Ветер все неистовствовал: сорвал охапку вьюнков и бросил их на лицо Ильгама.
Старик Салихьян встал, намотал сухие стебли на руку. Пошел выкидывать их на
костровище. Когда шел обратно, подобрал ботинок, что упал с левой ноги
Ильгама. Попытался надеть его на ногу сына. Но нога застыла как кочерга, и
ботинок не надевался.
Старик Салихьян метнул ботинок в сторону, закрыл лицо руками и зарыдал.
* * *
«Мать…» Ильсияр не ответила. После ужасной ночи в бреду она забылась тяжелым
сном. Старик Салихьян положил руку ей на лоб. «Белый колдун должен знать», —
сказала старуха Ильсияр, открыв глаза. Салихьян промолчал. «Змеи, — сказала
она. — Это все змеи…» Опять закрыла глаза. Лоб ее покрылся испариной, и она
начала шептать молитву на каком-то странном, то ли забытом, то ли
придуманном языке. Старик Салихьян даже обрадовался, что она снова стала
бредить. Сейчас он не желал ей лучшей участи, чем уйти в мир иной, не зная,
что ее любимый младший сын повесился. Но тут Ильсияр резко привстала и
широко раскрыла голубые глаза. «Где Ильгам?» — спросила она. Салихьян
отвернулся. Было невыносимо терпеть огонь ее взгляда, и старик встал.
«Холодно… Дрова…», — сказал он нарочито громко.
На улице было темно. Салихьян, стараясь не смотреть на тело, укрытое старым
одеялом, направился в сторону дровяника. На обратном пути резко заныла
правая рука. Охапка дров упала старику на ноги. «Пусть, пусть мне будет
больно», — со злостью подумал старик. Если уж не вернуть сына, надо хотя бы
уберечь свою старуху, с которой прожито душа в душу сорок лет. А он даже
слез не может сдержать.
Он подбирал дрова левой рукой, заносил в дом по одному-два полена. Растопил
печь. Ильсияр спала и бредила во сне.
* * *
Белый колдун бил в дунгур* сначала медленно, затем все быстрей и быстрей. С
каждым ударом дунгура костер разгорался, а вскоре превратился в огромный
сноп искр. Колдун выкрикивал непонятные слова, а затем вплотную приблизился
к Ильсияр и начал что-то торопливо шептать ей на ухо. Глаза его закатились.
——————
* Дунгур — ударный инструмент, изготовленный из натянутой телячьей кожи.
В огне появился бледный Ильгам. Было заметно, как в его прозрачном теле
бесновался, извивался в танце черный змей. Старик сунул руку внутрь тела и
пытался вытащить змею. Но только он схватил его, как Ильгам исчез. Колдун
забренчал браслетом из волчьих клыков и вдруг резко замолчал. Затем
настороженно стал вслушиваться в темноту, и, словно отвечая кому-то, запел,
нет, почти завыл узляу*. Резко умолк. И снова стал стучать в дунгур.
Теперь он что-то кричал на родном языке. У Ильсияр даже голова загудела —
так она силилась расслышать слова, которыми сотрясал воздух Белый колдун:
Жало, жало, жало змея,
Жало острое у змея,
Быстрый ты, словно стрела,
Юркий ты, словно вода…
* * *
«…хочешь выйти — выходи,
А не хочешь, так замри,
Обратись же в камень, змей…
Древние башкиры заклинанием лечили не только змеиный укус, но и разные
болезни, которые приносила черная сила, называемая Ук. Некоторые заклинатели
змей были настолько сильны, что пресмыкающиеся плелись за ними следом,
растягивались, разбухали и в конце концов умирали.

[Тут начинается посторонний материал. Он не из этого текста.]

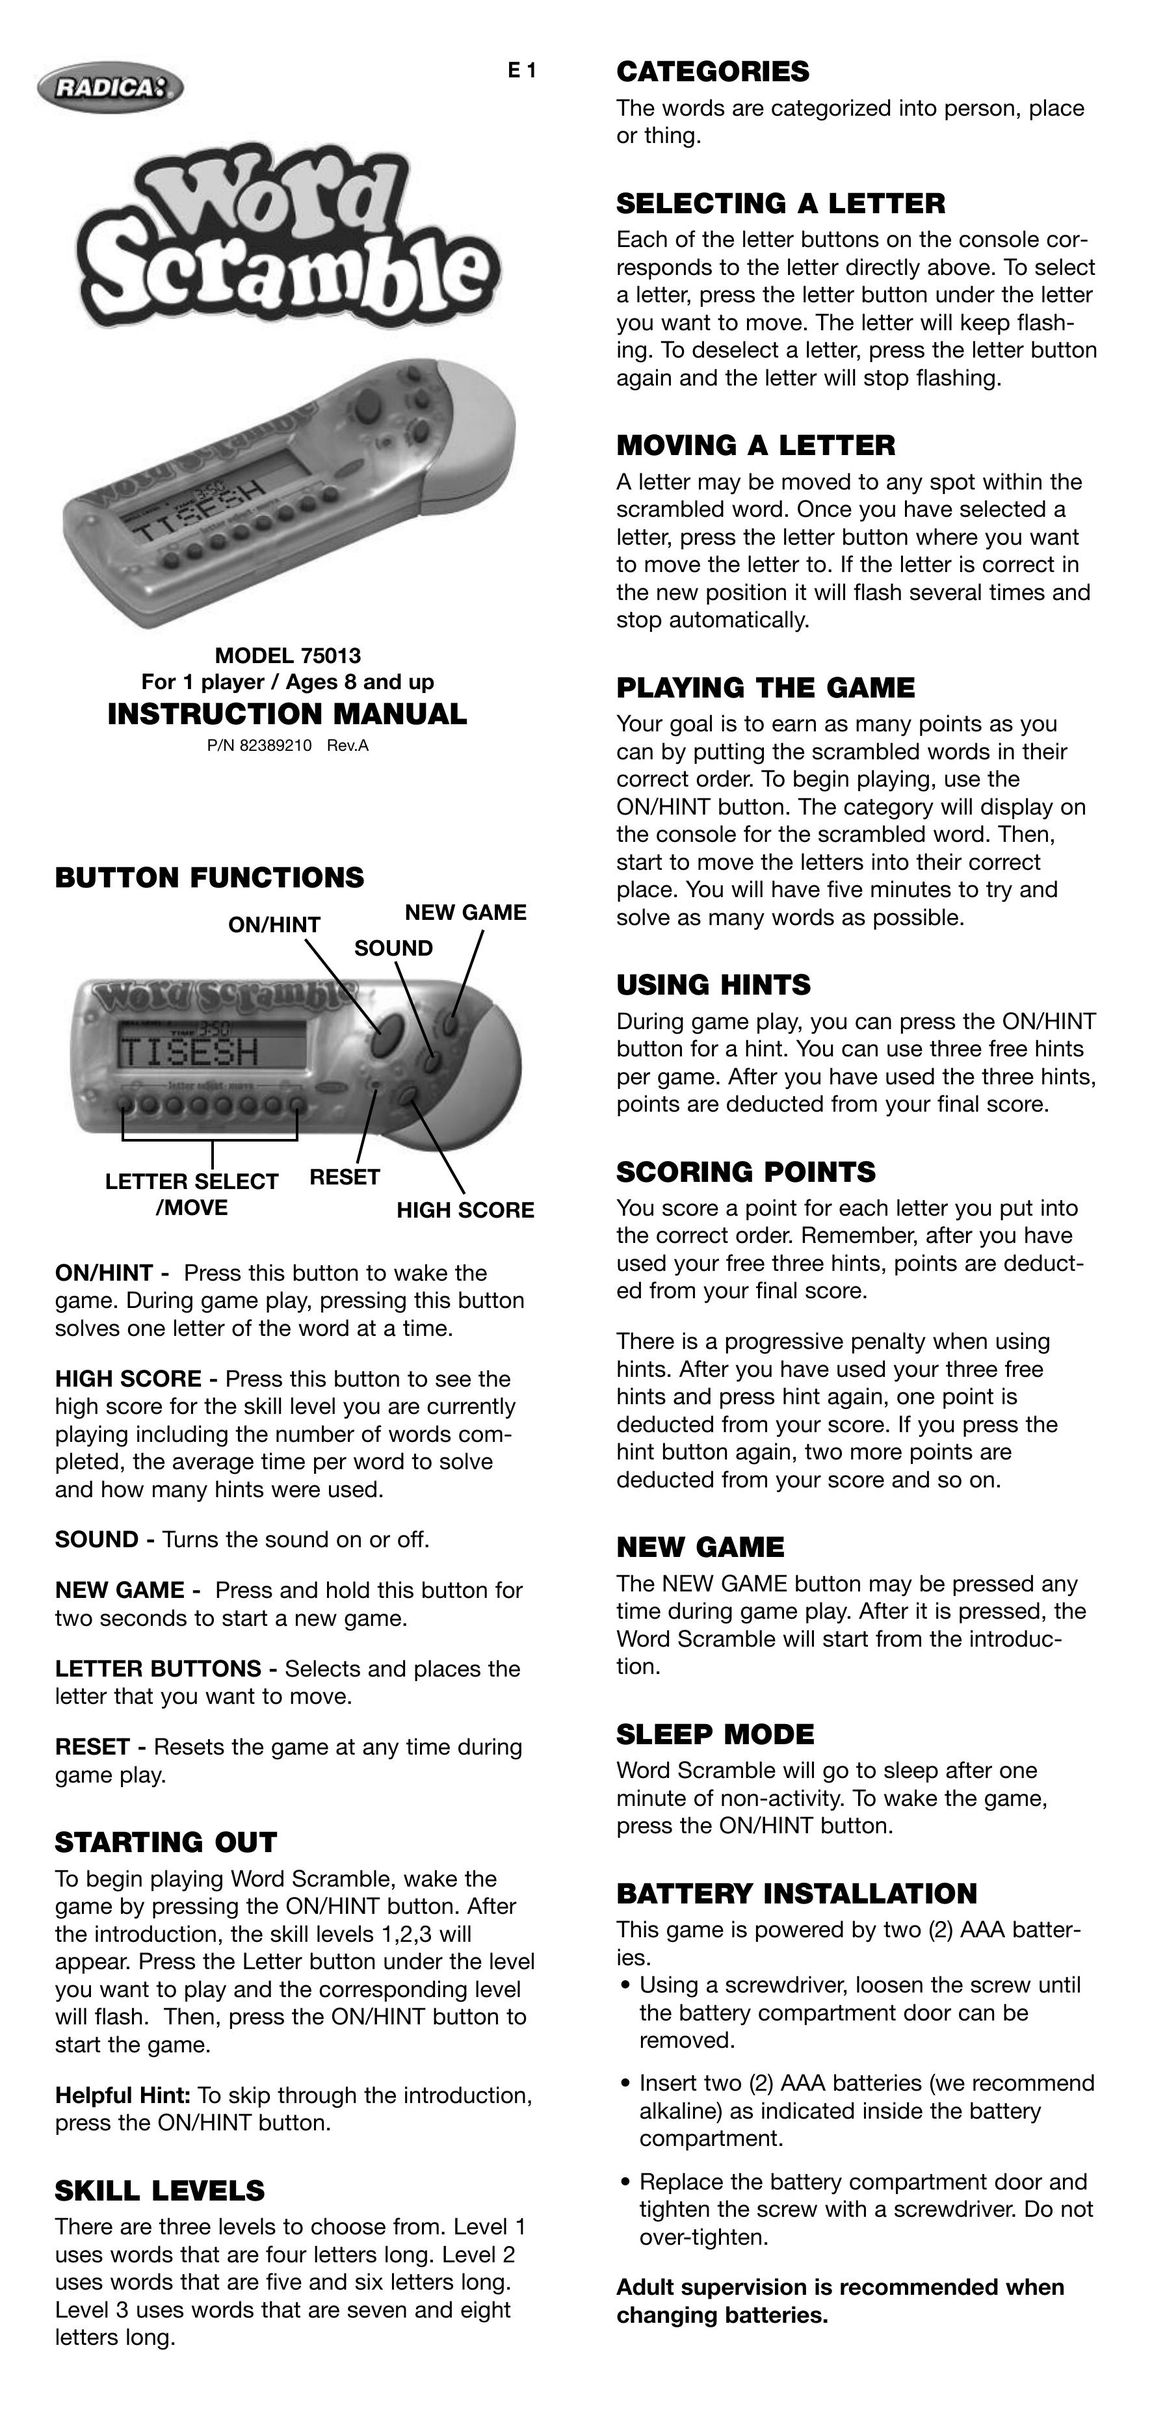 Radica Games 75013 Games User Manual

Заклинания держались в строгом секрете. Этот секрет не могли знать даже
самые близкие люди заклинателя. И потому обряды, связанные с заговором змей,
практически не сохранились — не только у башкир, но и у других народов».
Лилия отложила в сторону записи мужа, снова заварила себе крепкий чай. На
улице — промозглая осенняя ночь. Ей и мужу Загиру нравились такие ночи.
После насыщенных летних экспедиций, во время которых собирался хороший
материал, в такие тоскливые осенние ночи они сидели на кухне, писали свои
научные статьи под урчание закипающего чайника. Вот чай готов. Они
перекусывали оставшимися от ужина блинчиками или кусками пирога, тихо
разговаривали, смеялись. А затем вновь садились за работу. Господи, какие же
они были счастливые тогда… Лилия поняла это после того, как три года назад
муж стал сильно пить, а в прошлом году повесился.
«Мама!» От истошного крика женщина чуть не выронила чашку. Лилия побежала в
комнату, где спал сын. Ямиль накрылся одеялом с головой и дрожал. «Сынок,
это я… Что с тобой, мой хороший?» В последние годы нервы сильно сдали не
только у нее, но и у семилетнего сынишки. Он часто просыпался по ночам,
рыдая: «Моего отца пожирает страшный Аждаха*!» А вечерами долго не мог
заснуть и все твердил: «Я боюсь снов. Я не хочу видеть сны». Надо было бы
где-нибудь подлечить его перед школой — да денег не нашлось. Дедушка с
бабушкой все зовут погостить в деревню, но после смерти Загира Лилия просто
боится взглянуть в глаза свекрови и свекру. Перед этим повесился брат
Загира, не прошло и двух лет — ушел Загир. После смерти двоих сыновей в
глазах отца и матери теперь жила безысходная печаль.
——————————
* Узляу — традиционное горловое пение башкир.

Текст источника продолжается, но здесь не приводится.